Contoh nyata diam yang memiliki hikmah adalah diamnya Allamah Thabathabai, penulis Tafsîr Al-Mîzân. Banyak orang bercerita, salah satunya murid beliau yang bernama Syekh Taqi Misbah, bahwa sedikit orang yang mengetahui kedalaman ilmu Allamah, karena di majelis ia banyak diam. Jika tidak ditanya, ia tidak akan berbicara. Tetapi ketika ia berbicara, barulah seluruh perhatian orang-orang tercurah kepadanya.
Mungkin inilah maksud dari ucapan Rasulullah saw., “Jika engkau melihat seorang mukmin diam, maka dekatilah. Karena dia akan menyampaikan hikmah.” (Mîzân Al-Hikmah, jil. 5, hlm. 436). Sayidina Ali bin Abi Thalib as. mengatakan, “Sesungguhnya sedikit bicara adalah kebaikan bagi dirinya, dan banyak bicara adalah dibenci. Tidak akan tergelincir orang yang diam, dan tidak ada yang diperoleh dari orang yang banyak bicara kecuali ketergelinciran.”
Sedangkan diam yang kedua, yaitu diam dari amar makruf nahi mungkar, jelas sangat berbahaya. Ketika kejahatan dan kezaliman semakin meluas, seorang ulama memiliki peran penting, karena (seharusnya) ucapan ulama diikuti oleh orang banyak. Ketika pemimpin pemerintahan bertindak zalim, ulama harus melawan minimal dengan ucapannya. Rasulullah bersabda, “Jihad yang paling utama adalah berkata benar di hadapan penguasa zalim.”
Diam yang ketiga, yakni karena penyakit atau malu, bisa disebabkan tiga faktor; keturunan, pendidikan, atau lingkungan. Namun ini semua masih bisa diubah jika seseorang menginginkannya. Beberapa teman mengatakan saya pendiam. Namun semoga diamnya kita semua merupakan bagian memikirkan kekuasaan Allah.
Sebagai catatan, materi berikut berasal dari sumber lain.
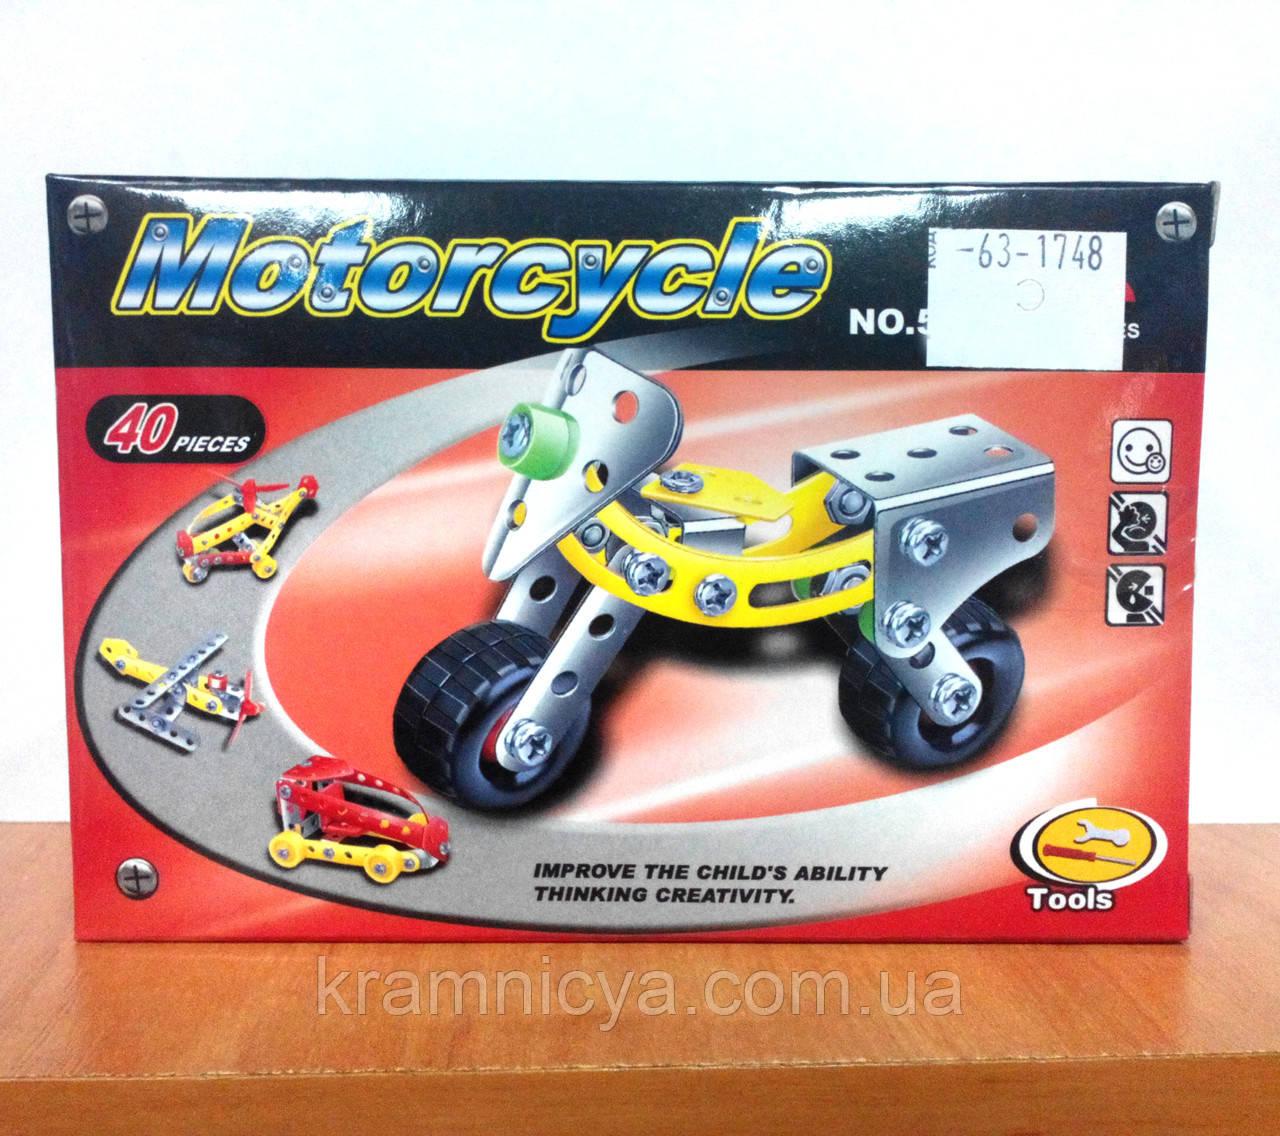 Конструктор металлический, Мотоцикл, арт.: 529-19

Wallahualam.

Monday, November 29, 2010

Mengapa Kita Cenderung “Menghakimi”?

Posted by Dovi Eka Wiranata |


Kecenderungan manusia untuk “menghakimi” (yaitu, melabeli, mengkritik, menghukum, dan sebagainya) memainkan peran penting dalam mendorong pemisahan diantara kita. Untuk alasan apa pun, pikiran kita agaknya memiliki apa yang tampaknya menjadi kecenderungan alami untuk memberikan penilaian pada orang, tempat, situasi, dll
Meskipun tidak ada seorang pun yang ingin dianggap menghakimi, sepertinya deskripsi ini membawa konotasi yang sangat negatif, faktanya adalah bahwa semua orang pernah menghakimi. Pada dasarnya adalah mustahil untuk sepenuhnya menghindari melakukan penilaian, karena kenyataannya hampir setiap pikiran kita memiliki beberapa penilaian yang terkait dengannya.
Sebagai contoh, untuk menilai makanan sebagai lezat adalah penilaian, seperti komentar yang  menyebutkan orang tertentu sebagai menarik. Namun, sangat penting di sini untuk membuat perbedaan antara istilah penilaian dan observasi. Penilaian melibatkan pendapat Anda bersama dengan emosi Anda, sedangkan observasi hanya melibatkan komentar pada apa yang Anda perhatikan. Dalam setiap peristiwa, langkah pertama dalam mengenali kecenderungan Anda untuk menilai adalah dengan mengakui kepada diri sendiri bahwa Anda sedang melakukan penilaian. Hal ini tidak berarti dengan cara apapun bahwa Anda adalah orang yang menghakimi, melainkan hanya berarti bahwa Anda mengakui kecenderungan perilaku ini bukan menyangkal. Hanya ketika Anda sadar untuk menerima bahwa Anda melakukan penghakiman secara teratur, Anda dapat mulai untuk menjadi lebih sadar ketika Anda melakukannya.
Hal ini juga sangat penting untuk memahami tentang apa arti menilai orang lain. Secara khusus, alasan kita menilai orang lain adalah bahwa kita melihat mereka, bukan sebagai mereka, tetapi seperti kita. Dengan kata lain, kita memfilter mereka melalui sistem keyakinan kita. Oleh karena itu, penilaian kita tidak benar-benar mengatakan apa-apa tentang orang lain; mereka hanya menggambarkan apa persepsi kita. Setiap kali seseorang berbuat tidak ‘sesuai’ dengan standar pribadi kita, kita secara otomatis memberi semacam penilaian pada mereka.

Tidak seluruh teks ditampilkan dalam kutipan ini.